Since the trail's official completion in September 2024, 251 people have completed the entire course, taking many from two to four years, according to the Korea Tourism Organization (KTO). But far more have taken on the four individual trails that make up the larger trail.
 
Some 5,269 people have completed the Haeparang Trail along the East Sea since it first opened in 2016. The Namparang Trail along the South Sea has seen 1,069 traverse its length, while the Seohaerang Trail along the Yellow Sea has seen 564 people complete the route. The final section, the DMZ Peace Trail completed in 2024, has had 683 finishers.
 
The trail's major appeal lies in how naturally it blends walking with travel itself. One stretch may lead to mountain and seaside temples, and another to historic neighborhoods where travelers can dive into the city's local cuisine. 
 
Here are a few sections of the Namparang Trail and Seohaerang Trail in South Jeolla that offer a glimpse into the scale and variety of the Korea Dulle Trail. 
 
Namparang Trail's course 83: Mount Mandeok's Dasan Chodang
 
In 1801, a man was exiled to Gangjin, a quiet county in South Jeolla on Korea's southern coast, amid the persecution of Catholics. For the last 10 years of his 18-year exile, he lived in a humble chodang, a small thatched cottage, at the foot of Mount Mandeok.
 
A road leads to Dasan Chodang on Mount Mandeok, along the 83rd course of the Namparang Trail [WOO JI-WON]

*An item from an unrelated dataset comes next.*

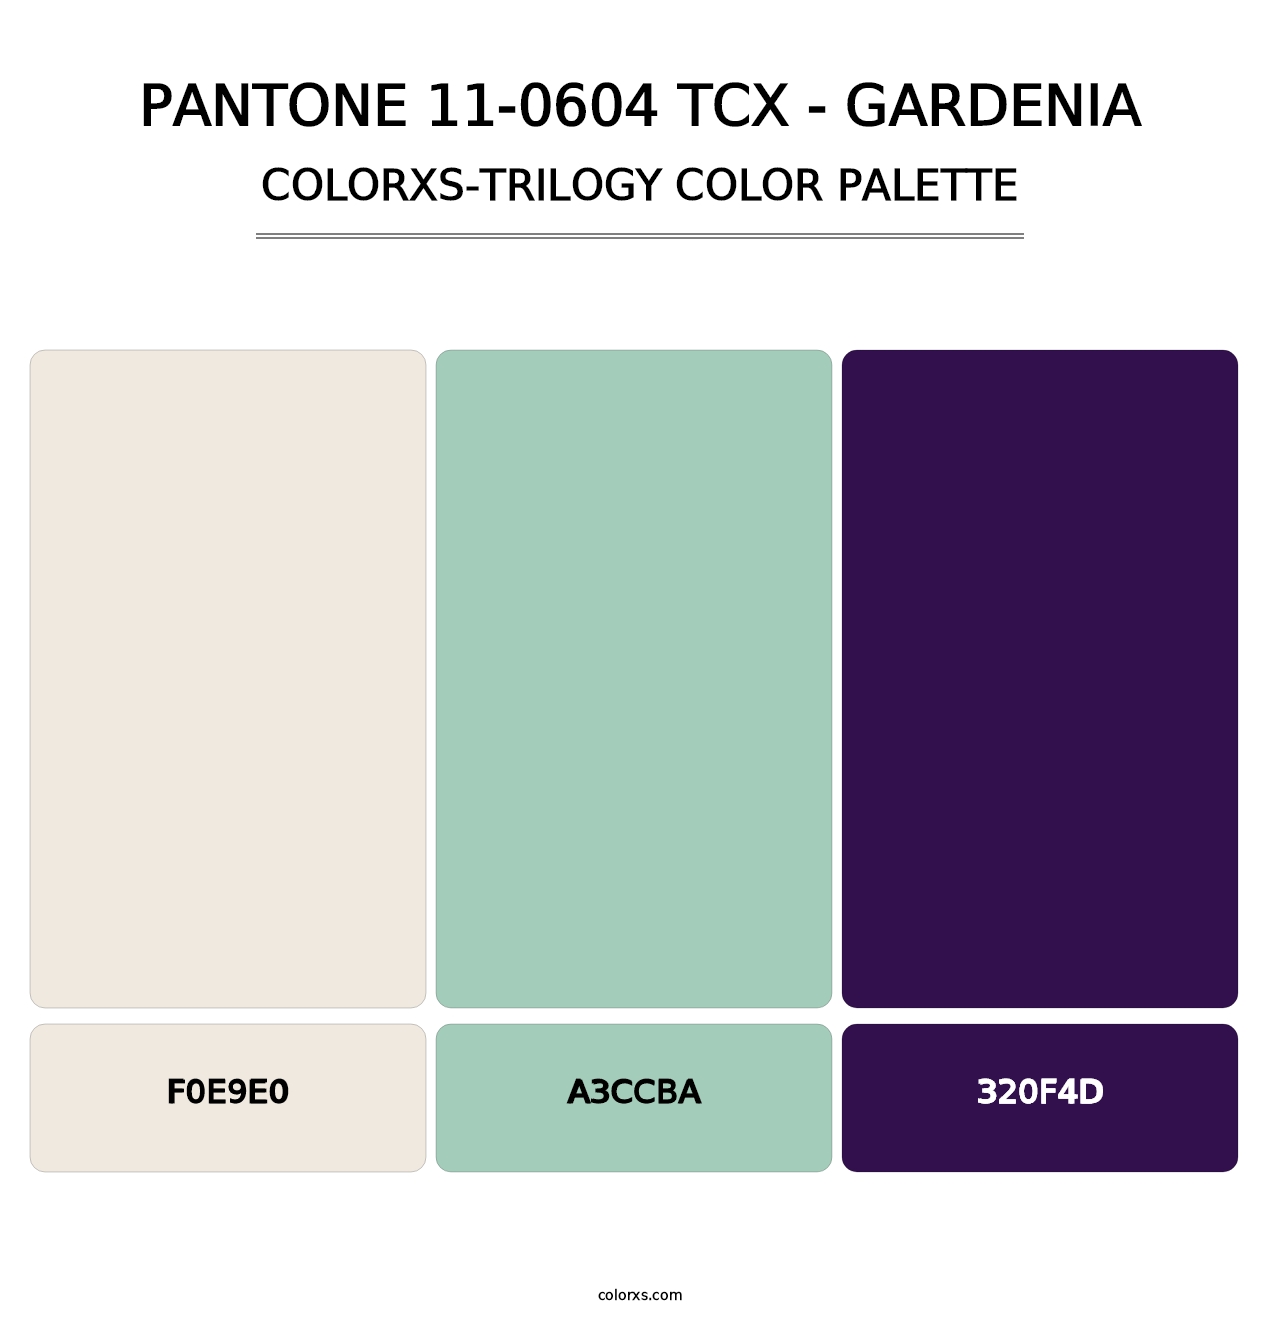 PANTONE 11-0604 TCX - Gardenia - Colorxs Trilogy Palette

A road leads to Dasan Chodang on Mount Mandeok, along the 83rd course of the Namparang Trail [WOO JI-WON]

Dasang Chodang and a pond Dasan built to raise carp [HAENAM COUNTY GOVERNMENT]

Dasang Chodang and a pond Dasan built to raise carp [HAENAM COUNTY GOVERNMENT]

But exile hardly slowed his passion for building a better country. He wrote nearly 500 books on philosophy, politics and even engineering, including proposals for political reform, at the chodang, all while mentoring 18 disciples.
 
His name is Jeong Yak-yong, better known by his pen name Dasan. He is now remembered as one of the greatest scholars of the Joseon Dynasty (1392-1910).
 
Today, the site is known as Dasan Chodang. Past hanoks (traditional Korean houses), many now operating as guesthouses known for hearty breakfasts, a narrow forest road in Mount Mandeok leads toward the lonely site of his exile.
 
At the entrance hangs a small bow tied to a fence with “Namparang Trail” written on it.
 
The trail to Dasan Chodang [WOO JI-WON]

The trail to Dasan Chodang [WOO JI-WON]

Entering the trail, towering trees and dense pine forests form a tunnellike path and the soft dirt trail feels almost meditative. Soon appears the small cottage where Dasan lived and wrote. Just beside sits the pond he built to raise carp, along with a rock carved with the Chinese character “Jeong,” his family name, both reflecting the solitude of his years.
 
Yet exile was not entirely lonely for Dasan. He had a dear friend. About 30 minutes away on foot is Baengnyeonsa temple, where he would meet the Venerable Hyejang, who was also his teacher and student during his banishment. 
 
Cheonil Pavillion, located along a path to Baengneyonsa Temple from Dasan Chodang [WOO JI-WON]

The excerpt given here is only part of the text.